■ Exercise details ■
Would you copy the lines below exactly and omit the images?

■ Data below ■
※

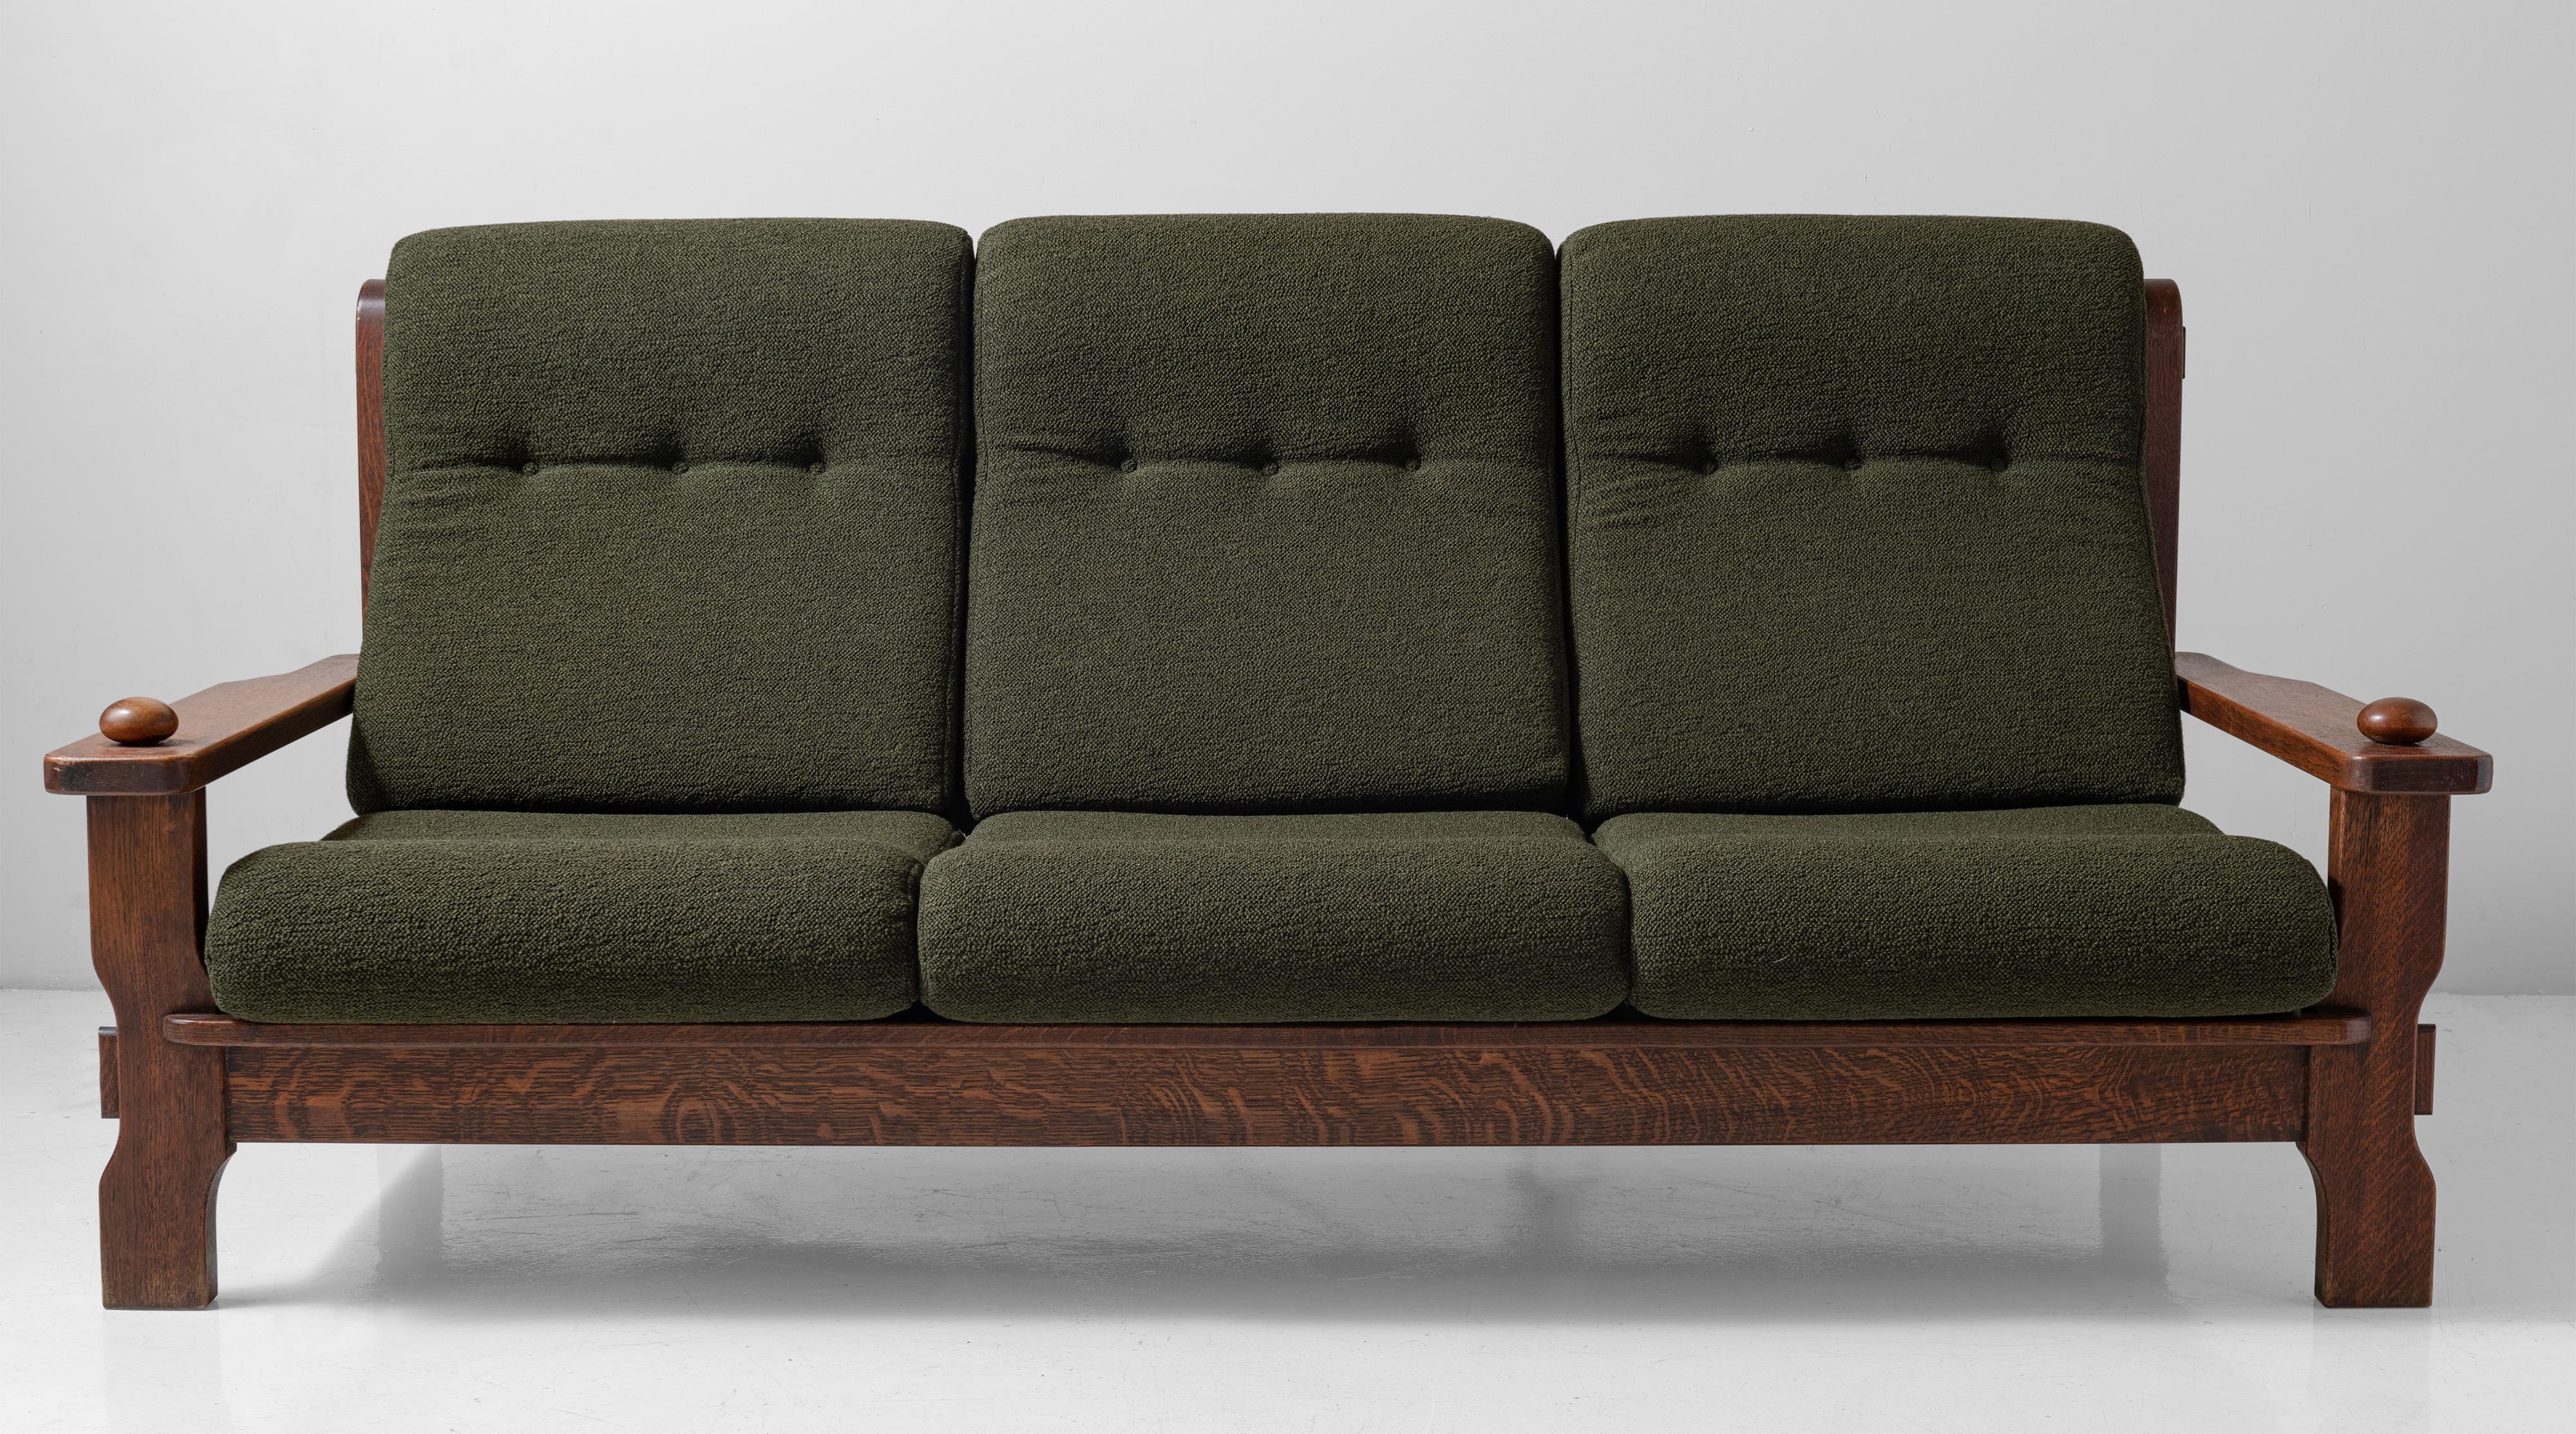 Brutalist oak sofa in textured wool blend from Maharam,

France, circa 1950

Newly upholstered. Oak construction with slatted bentwood back.

※

■ Your response ■
 Brutalist oak sofa in textured wool blend from Maharam,

France, circa 1950

Newly upholstered. Oak construction with slatted bentwood back.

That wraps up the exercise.